> **Task description**
Set down every line of the data exactly, skipping the pictures.

> **Source data**
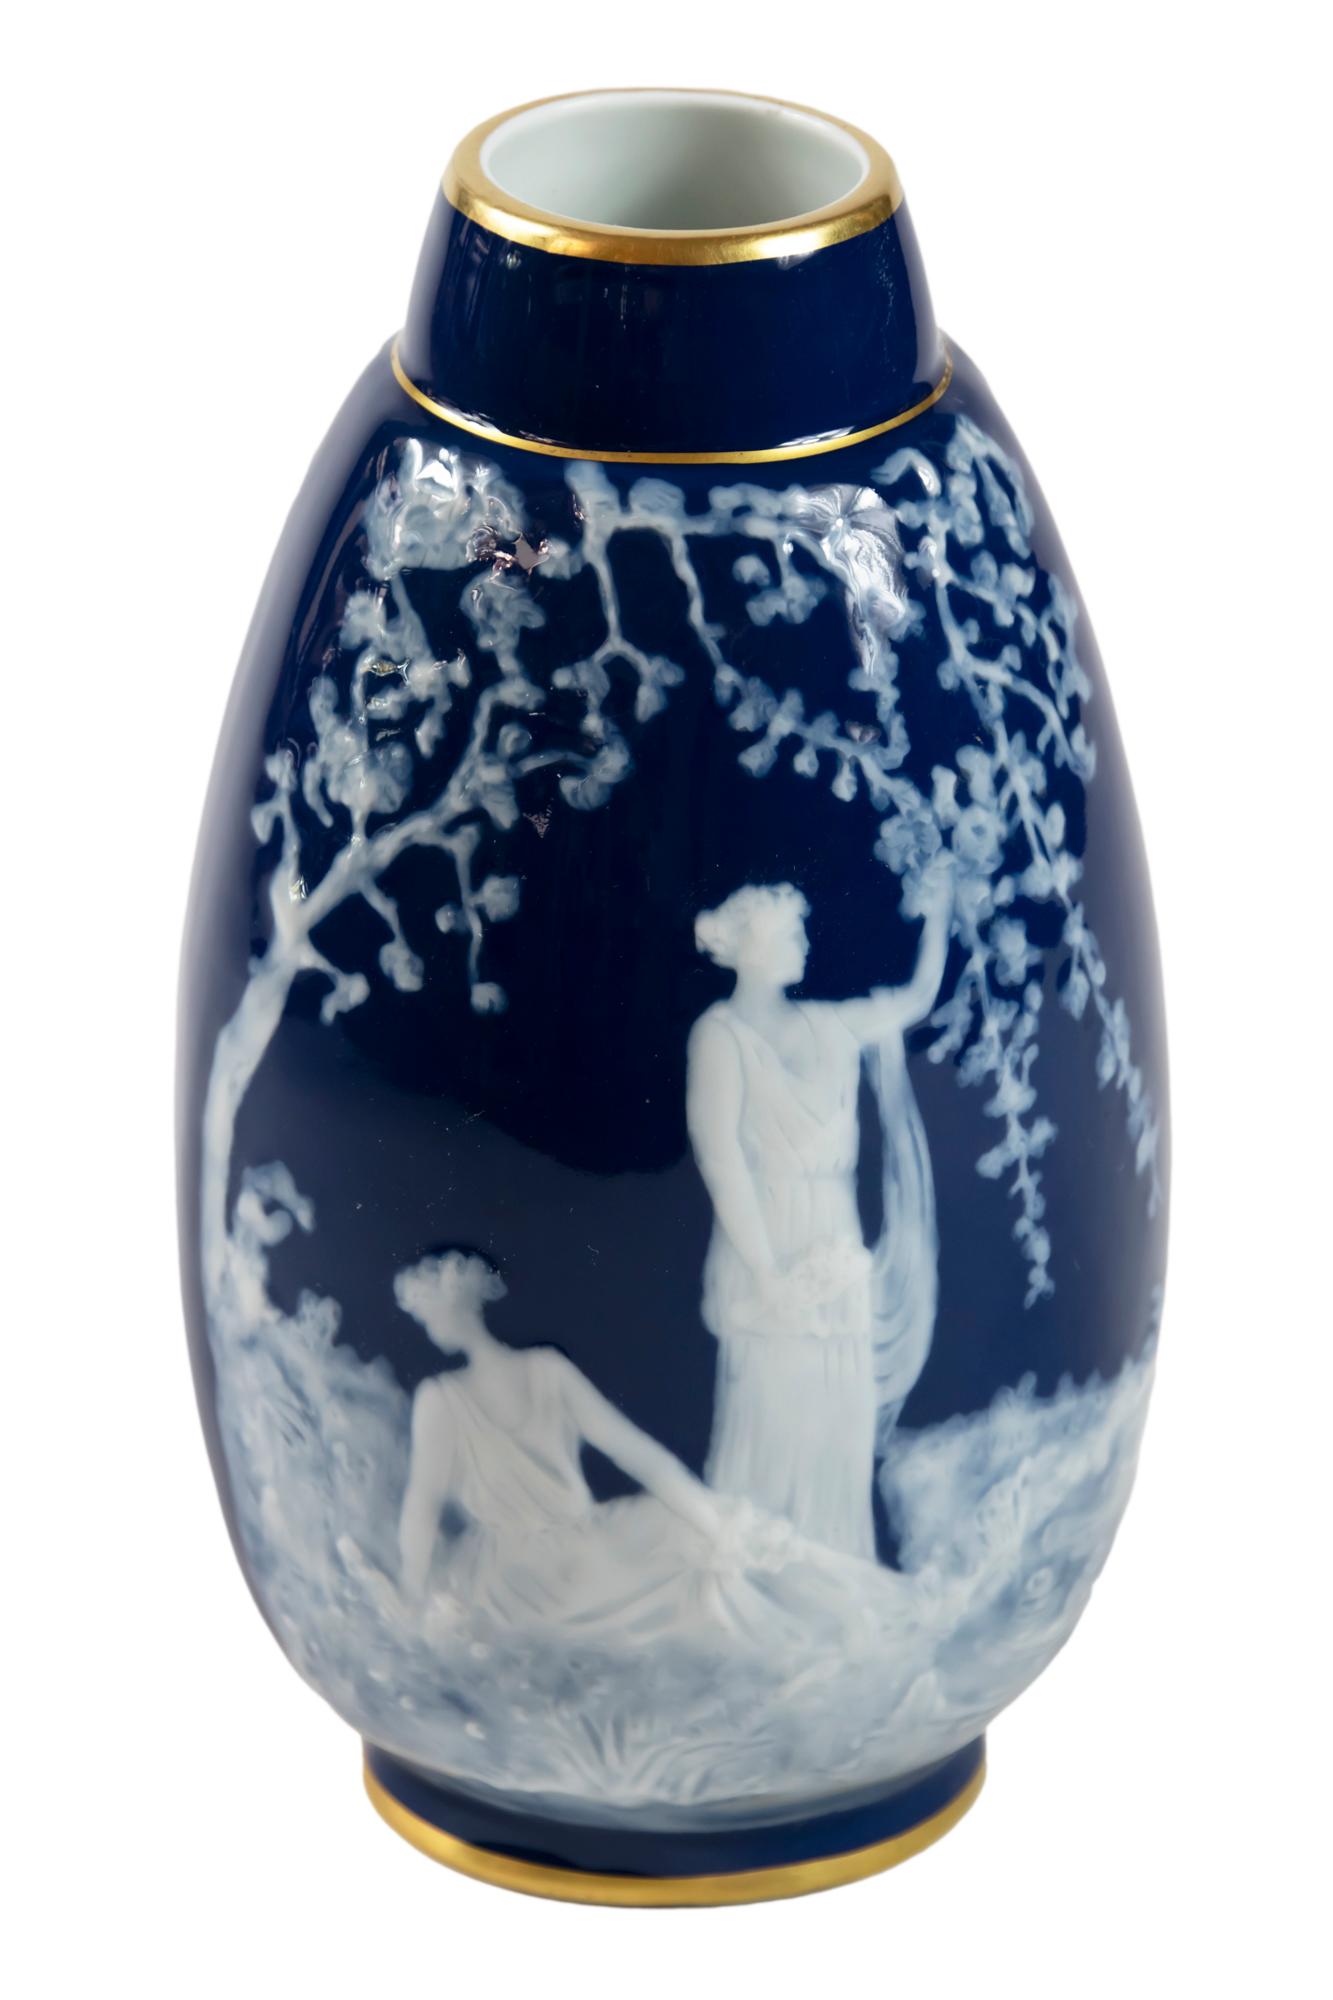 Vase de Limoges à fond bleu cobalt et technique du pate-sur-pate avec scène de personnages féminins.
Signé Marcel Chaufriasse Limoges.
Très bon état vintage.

> **Expected answer**
 Vase de Limoges à fond bleu cobalt et technique du pate-sur-pate avec scène de personnages féminins.
Signé Marcel Chaufriasse Limoges.
Très bon état vintage.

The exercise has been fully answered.